:: What you have to do ::
Pictures in the entries below are excluded; copy only the lines from the one containing "Ritratto di tre" to the one containing "remicito, photoclub paris", both included.

:: Input data ::
★ ★ ★ ★ ★ ★ ★

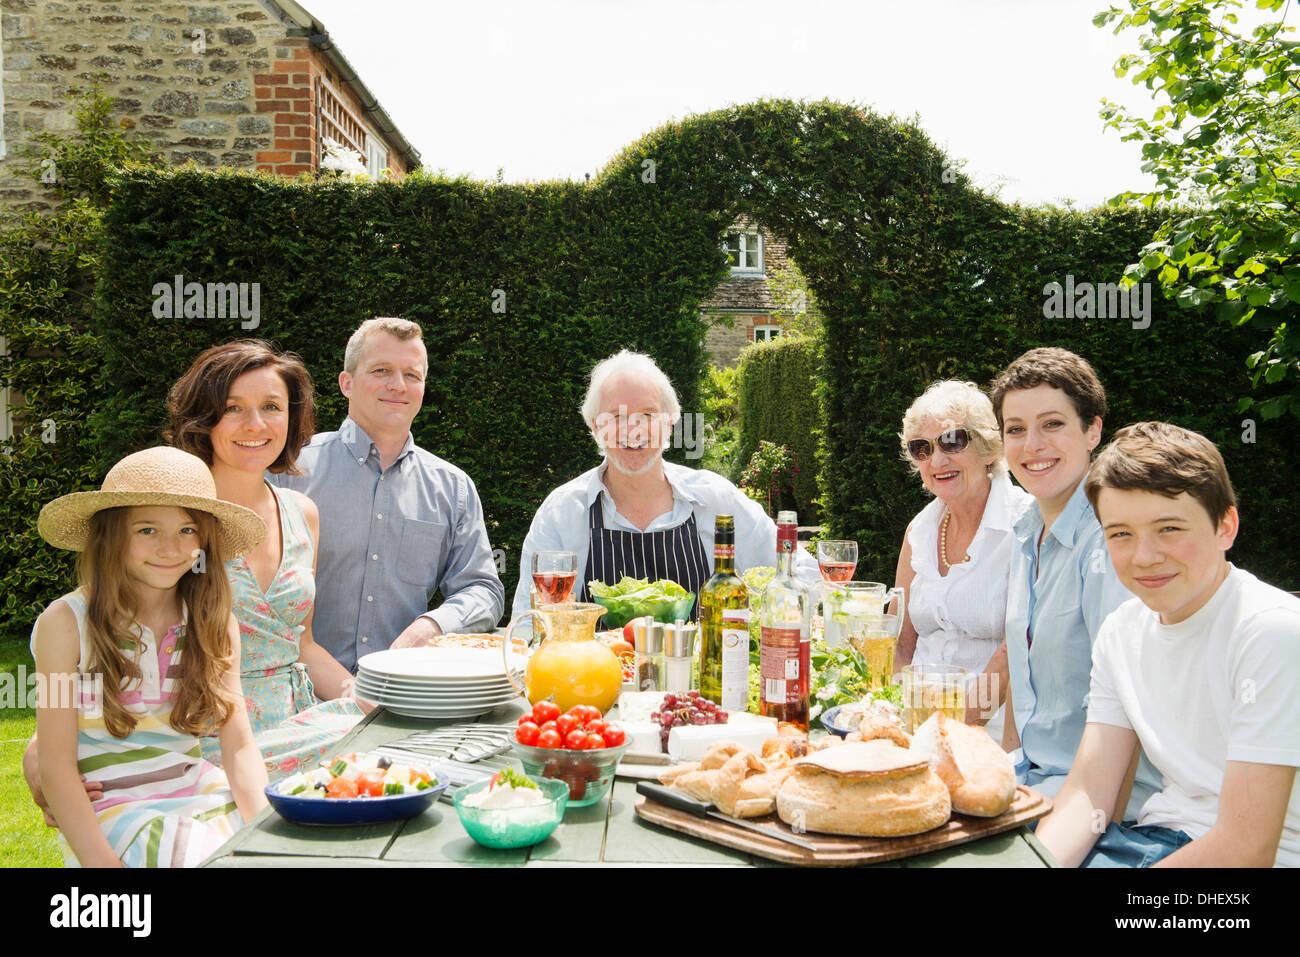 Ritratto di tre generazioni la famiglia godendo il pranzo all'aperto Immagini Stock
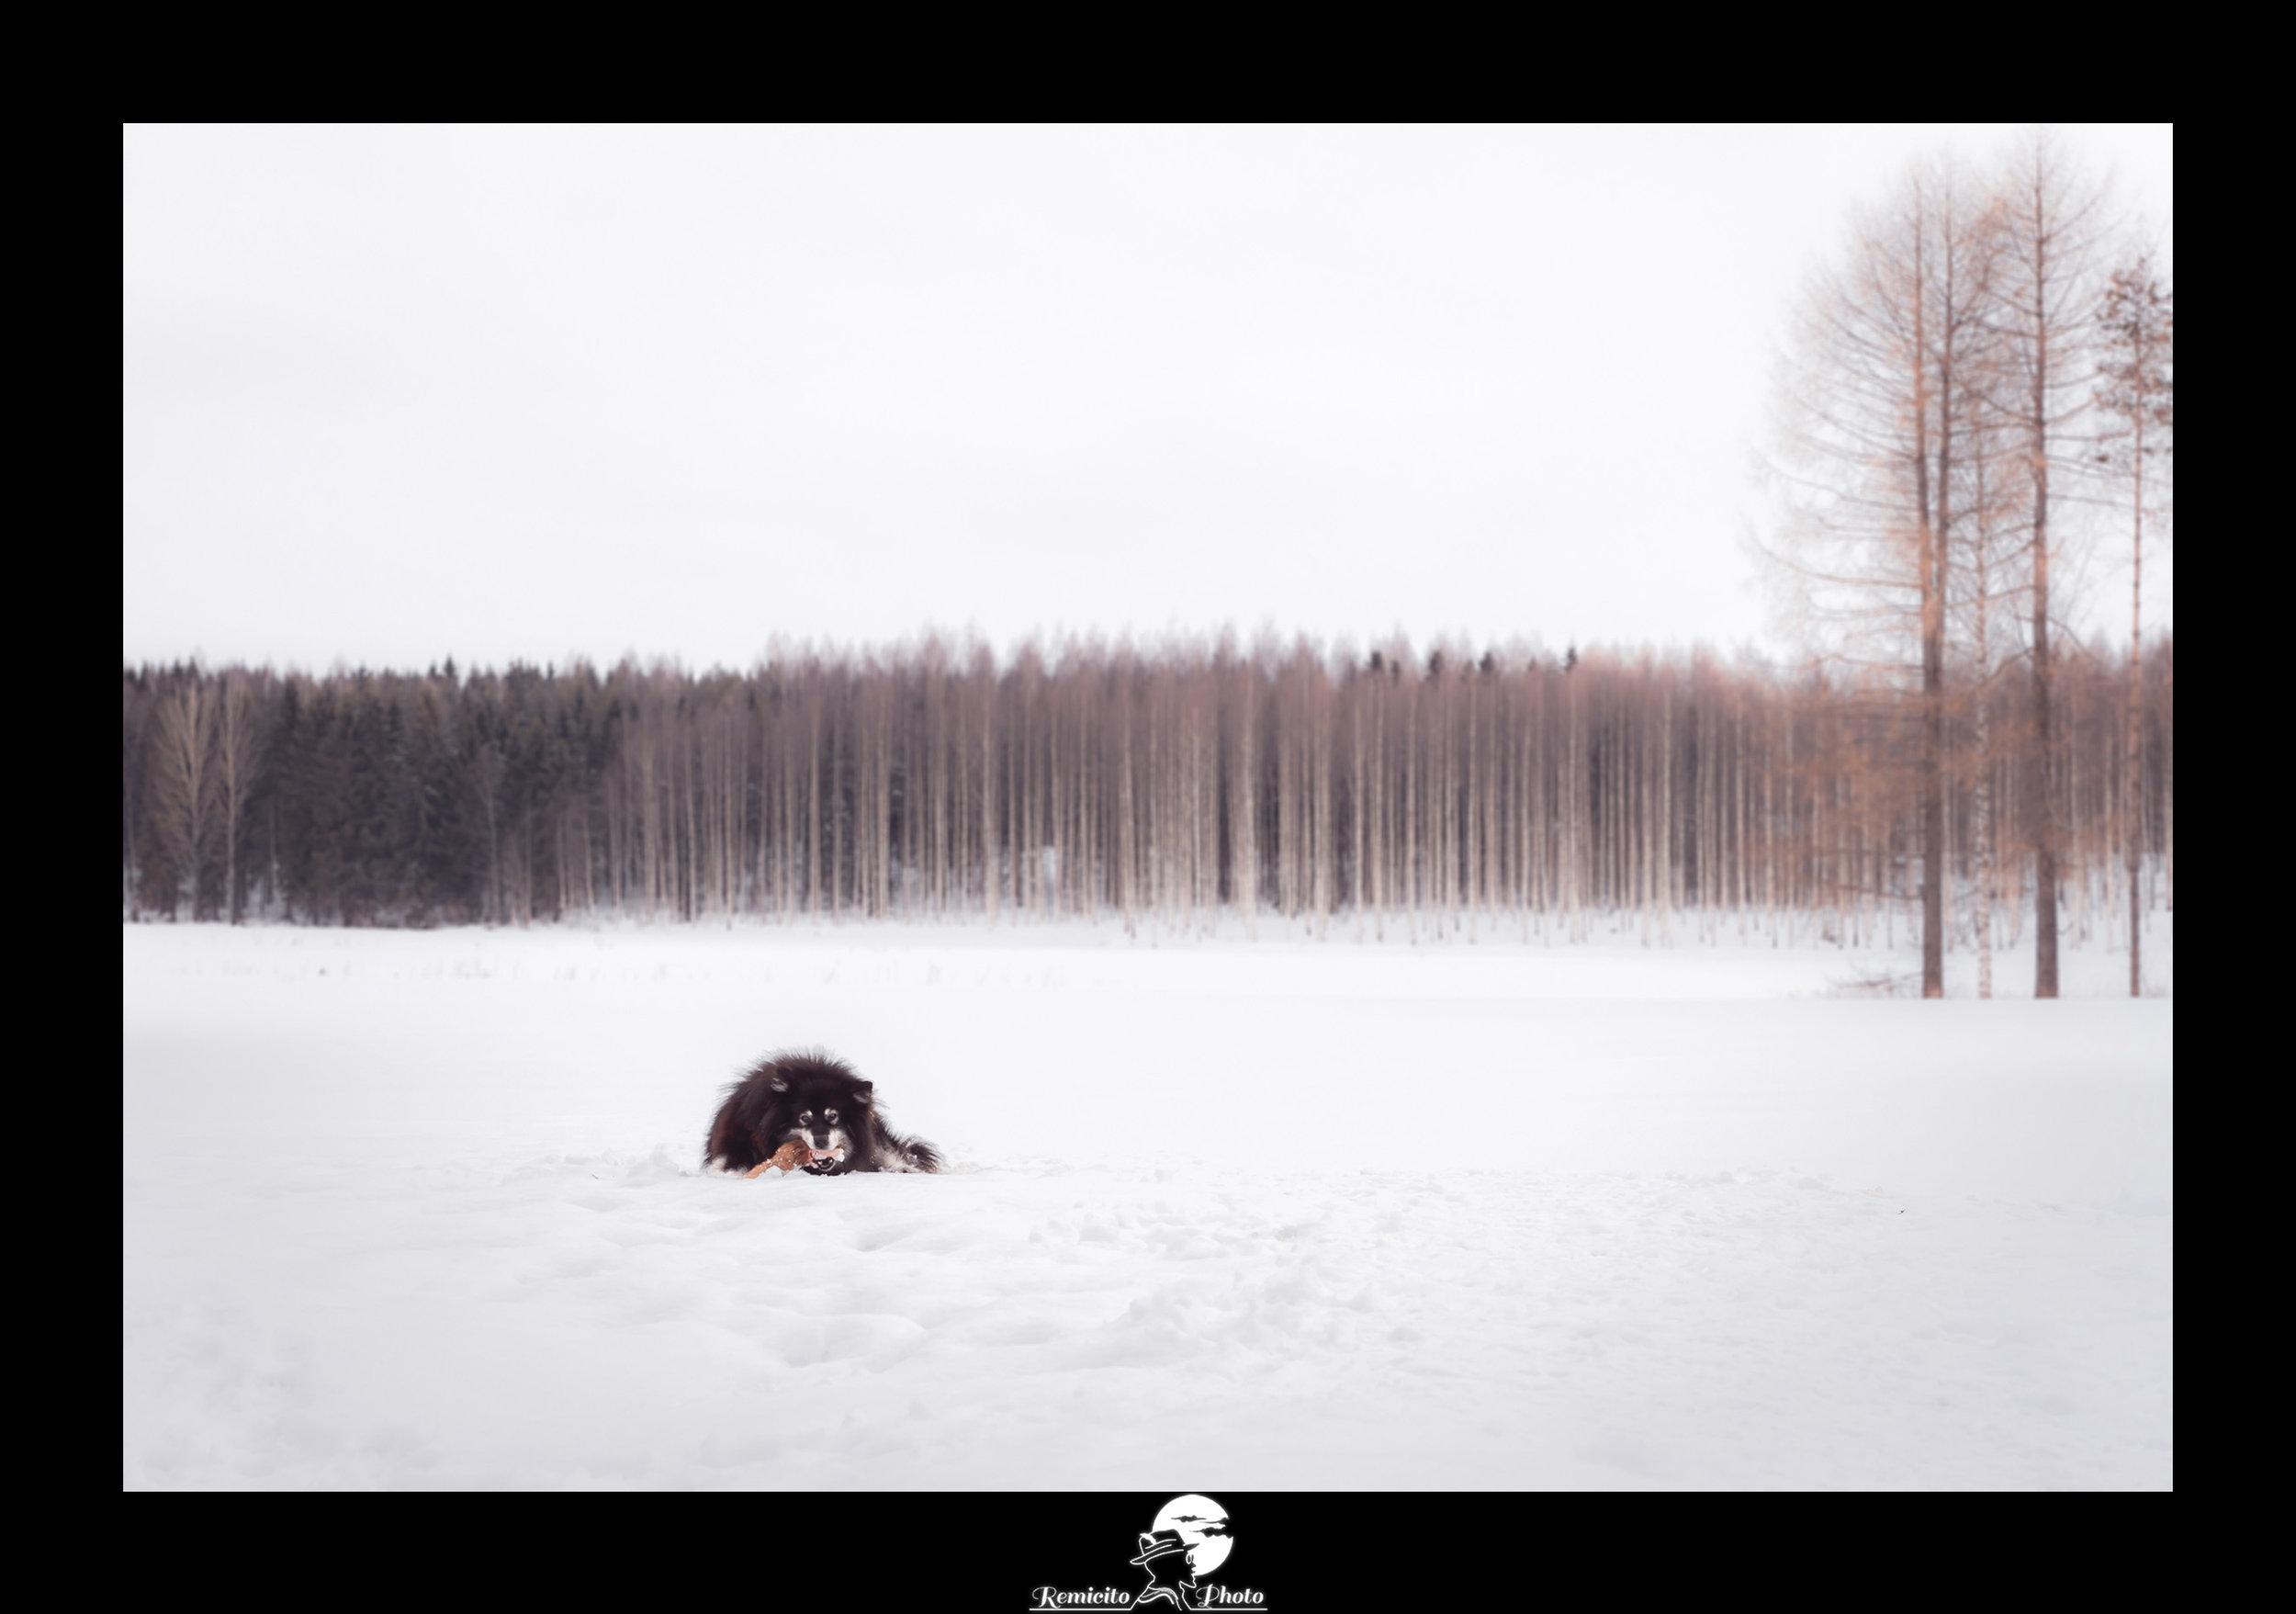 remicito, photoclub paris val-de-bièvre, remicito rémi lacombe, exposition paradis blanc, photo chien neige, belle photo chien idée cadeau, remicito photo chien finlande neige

★ ★ ★ ★ ★ ★ ★

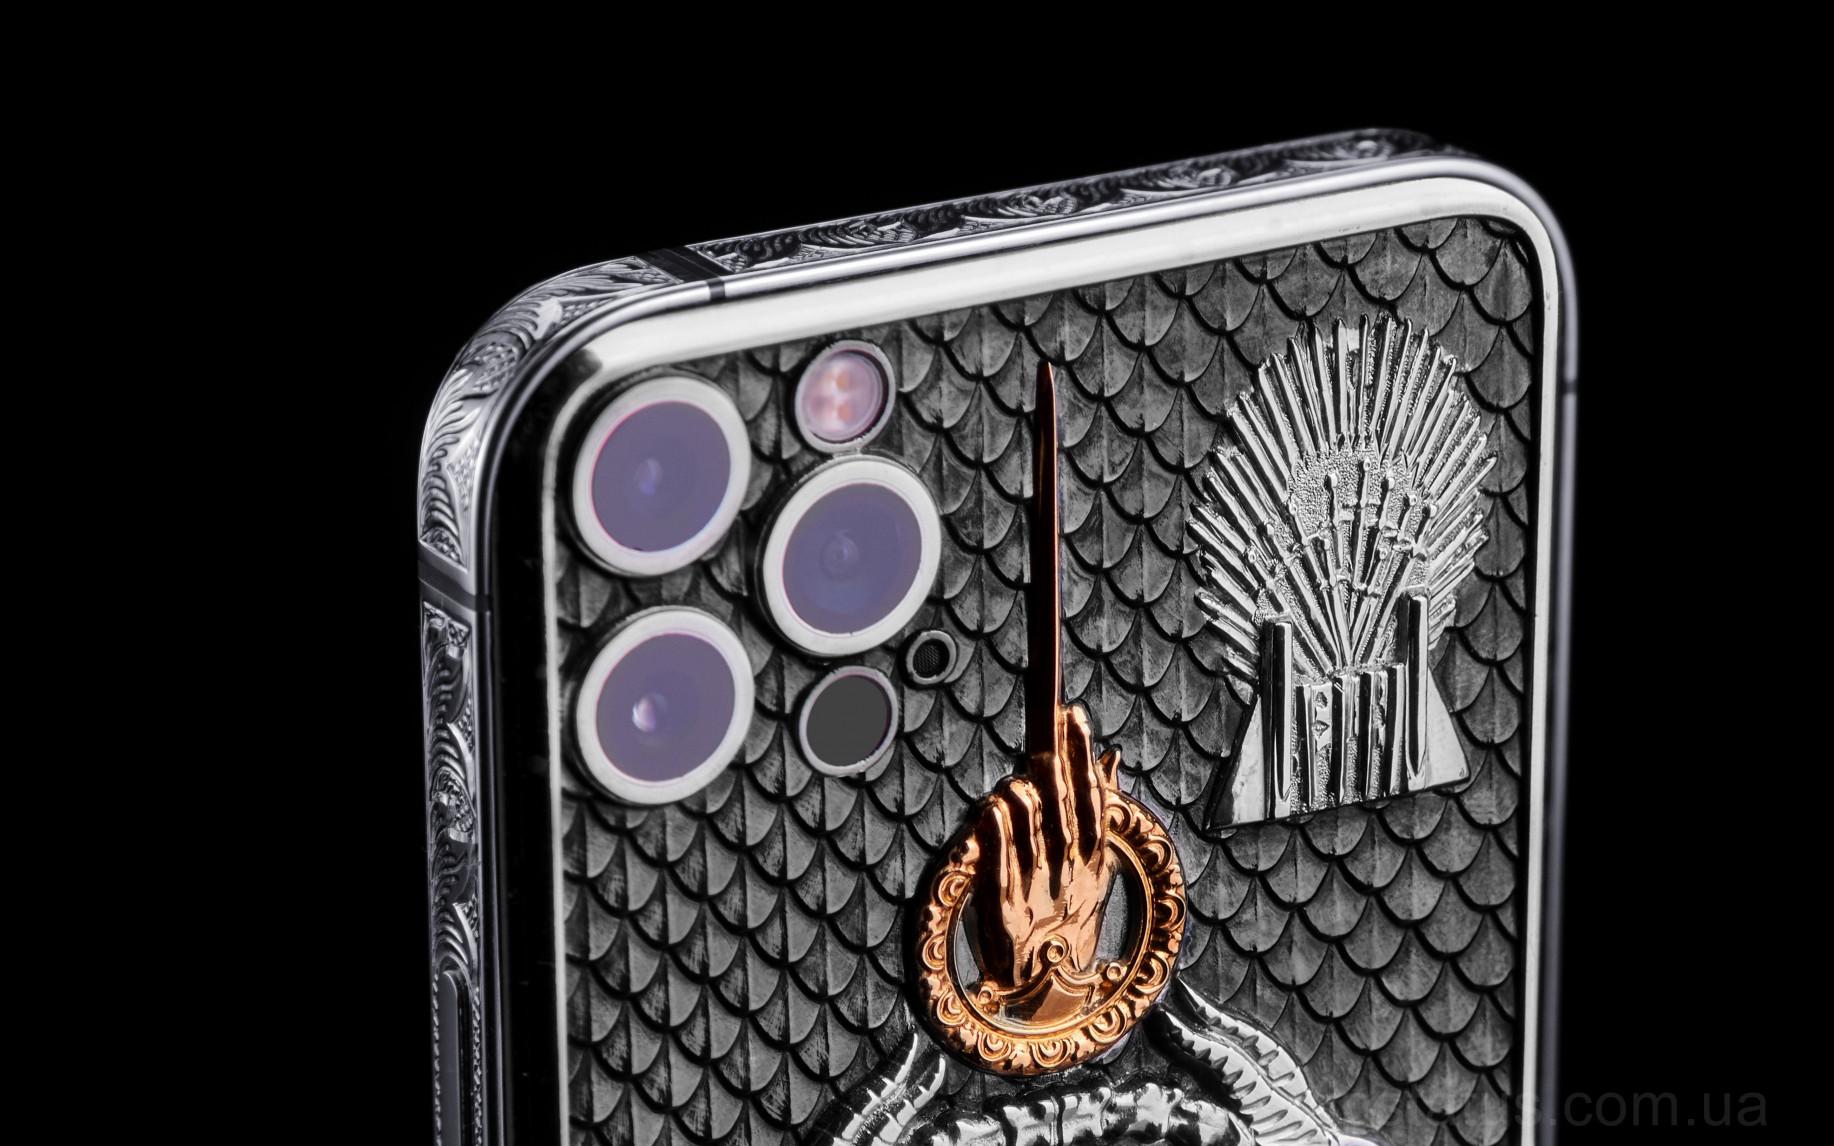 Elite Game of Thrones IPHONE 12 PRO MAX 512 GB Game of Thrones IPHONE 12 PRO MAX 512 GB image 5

★ ★ ★ ★ ★ ★ ★

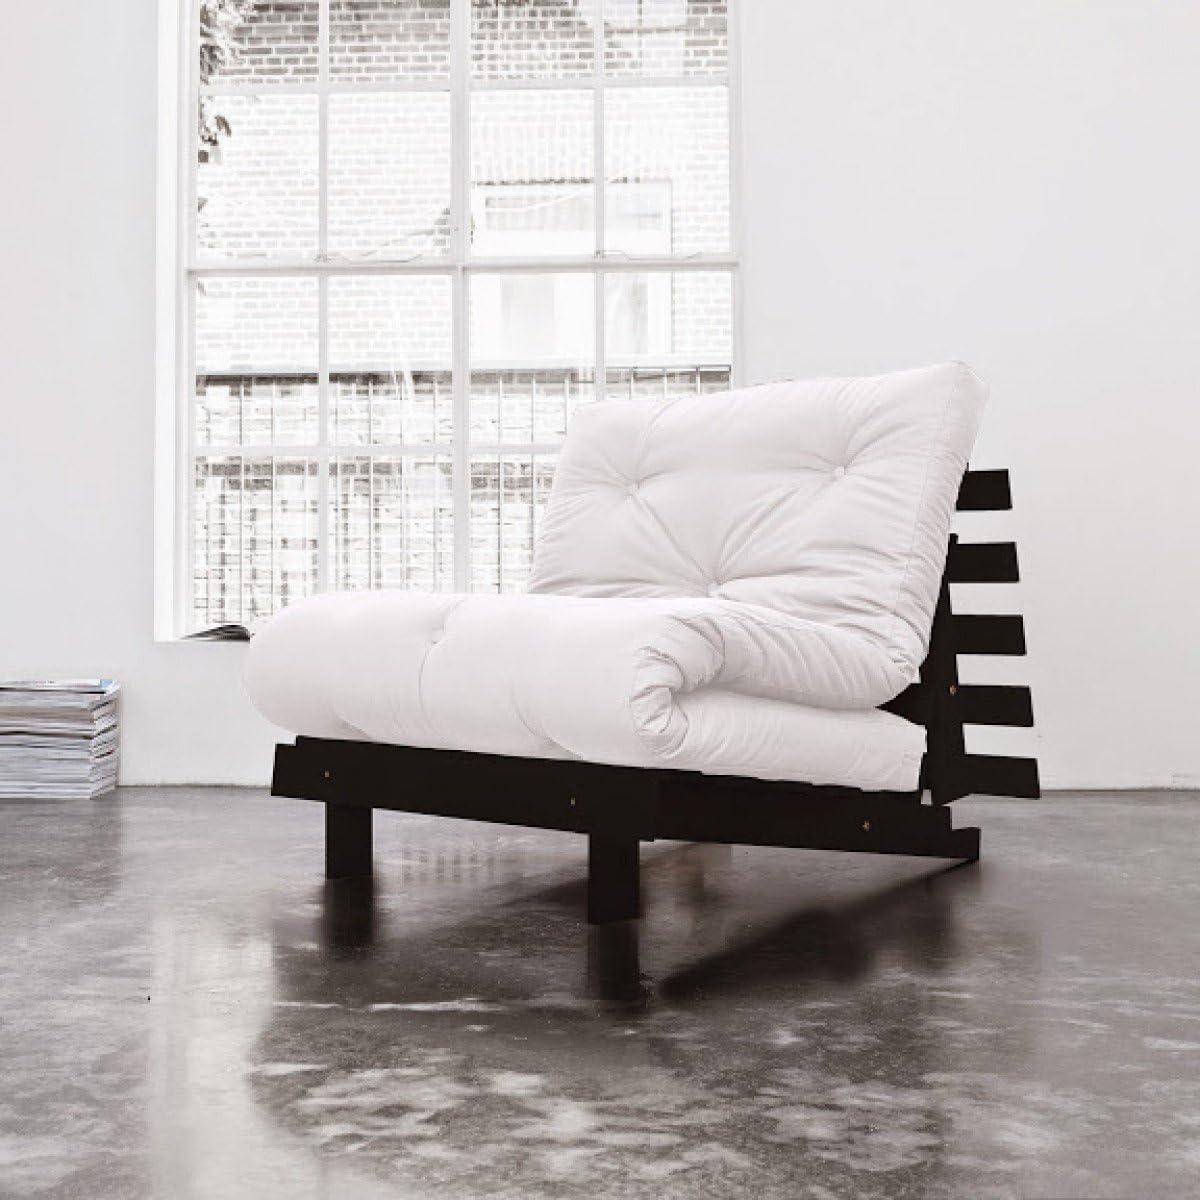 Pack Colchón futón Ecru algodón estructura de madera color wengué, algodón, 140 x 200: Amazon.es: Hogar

★ ★ ★ ★ ★ ★ ★

:: Output for this exercise ::
 Ritratto di tre generazioni la famiglia godendo il pranzo all'aperto Immagini Stock
 remicito, photoclub paris val-de-bièvre, remicito rémi lacombe, exposition paradis blanc, photo chien neige, belle photo chien idée cadeau, remicito photo chien finlande neige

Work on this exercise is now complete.